** Data section **
++++
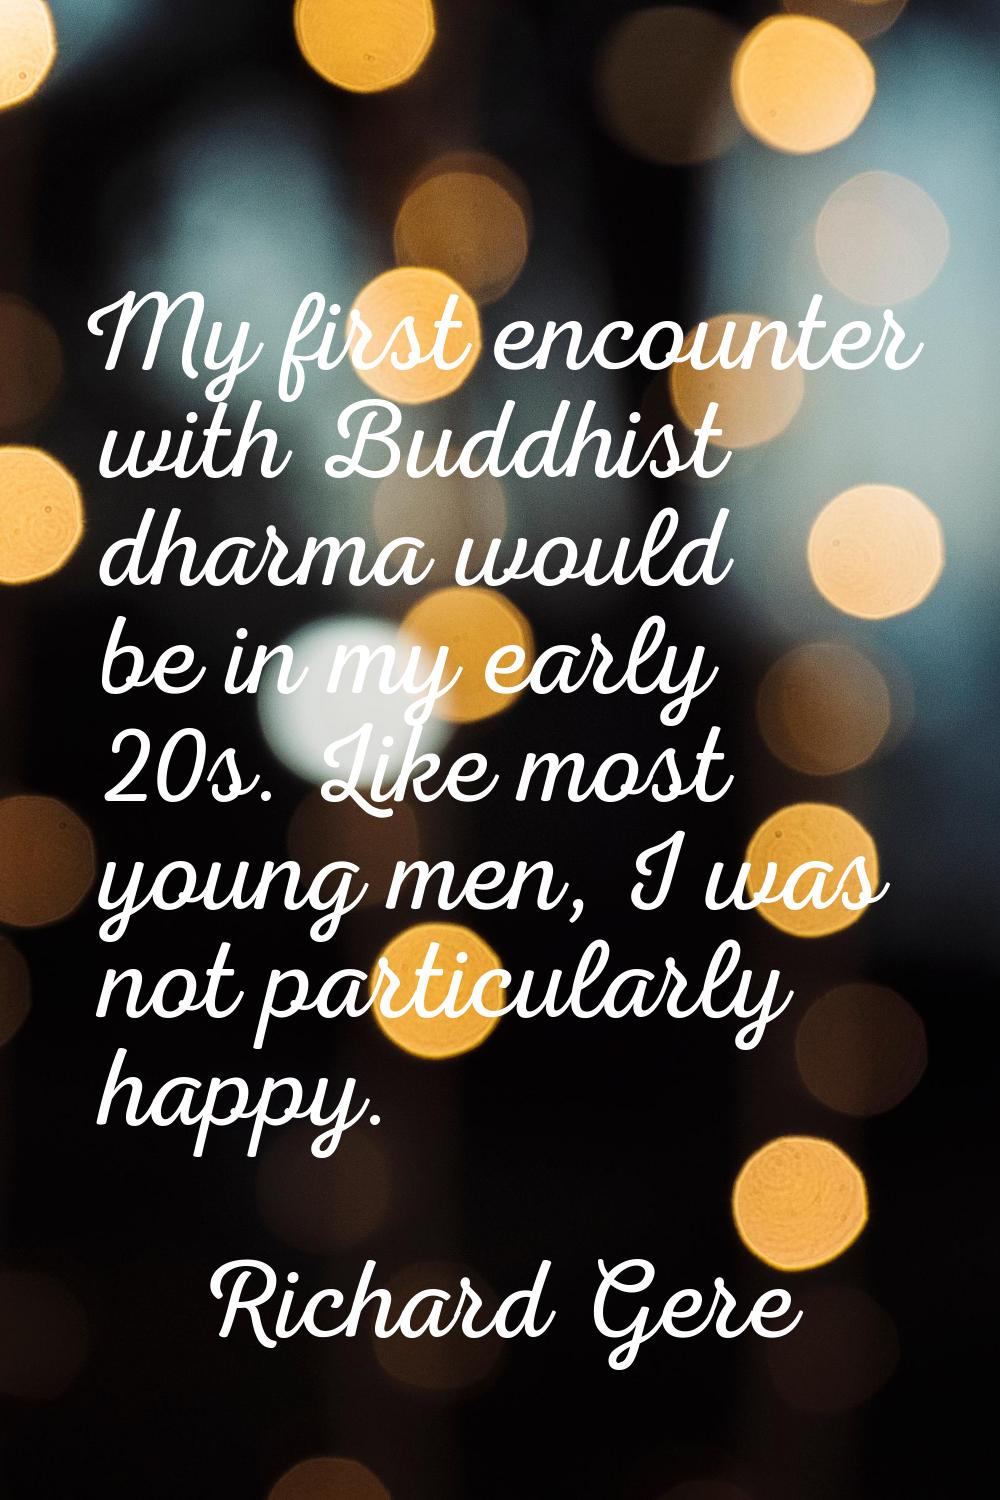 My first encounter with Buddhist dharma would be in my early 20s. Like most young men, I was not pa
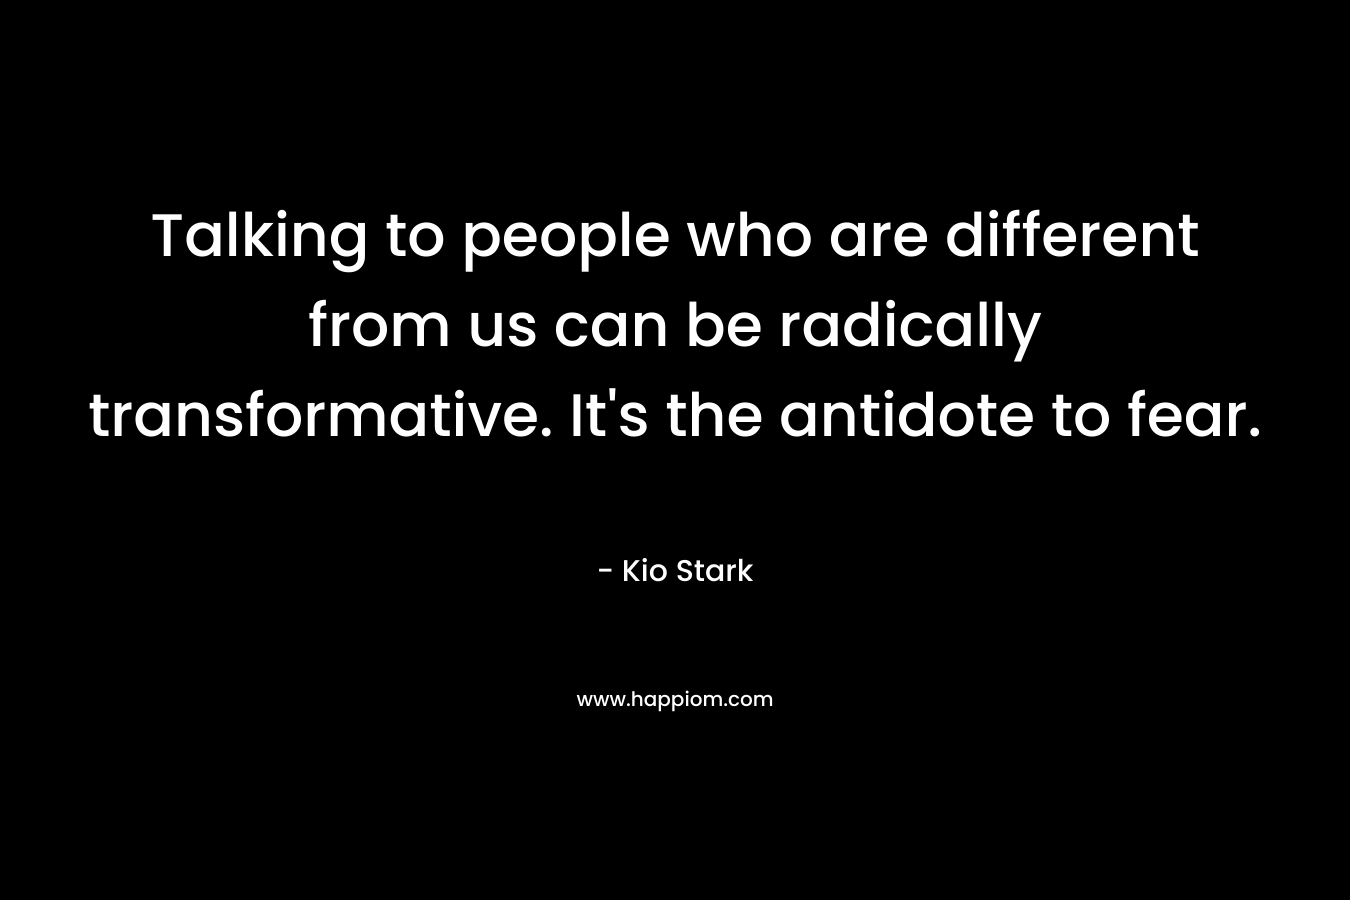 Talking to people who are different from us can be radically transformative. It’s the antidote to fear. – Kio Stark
++++
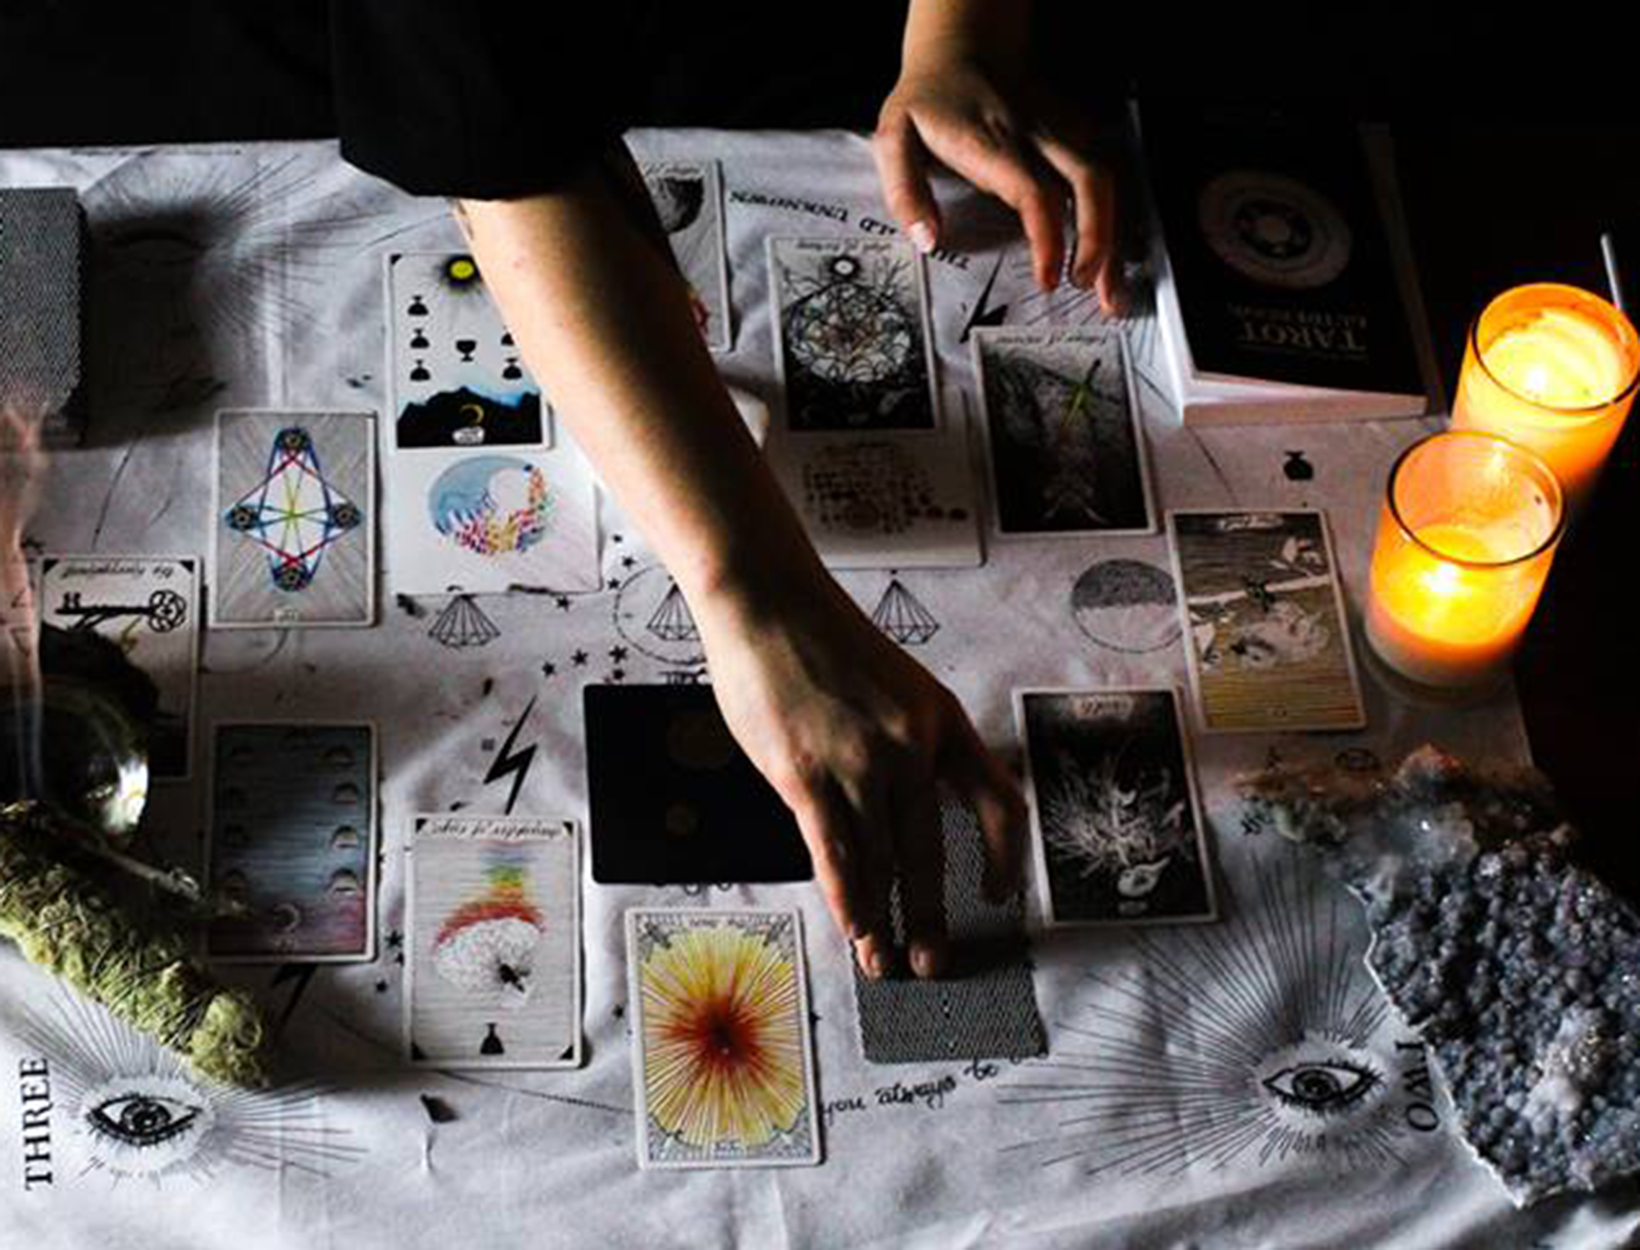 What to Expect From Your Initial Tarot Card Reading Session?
++++
** Task instructions **
Copy the lines above between the one holding "My first encounter" and the one holding "Talking to people", inclusive. Drop the pictures.

** Exercise output **
 My first encounter with Buddhist dharma would be in my early 20s. Like most young men, I was not pa
 Talking to people who are different from us can be radically transformative. It’s the antidote to fear. – Kio Stark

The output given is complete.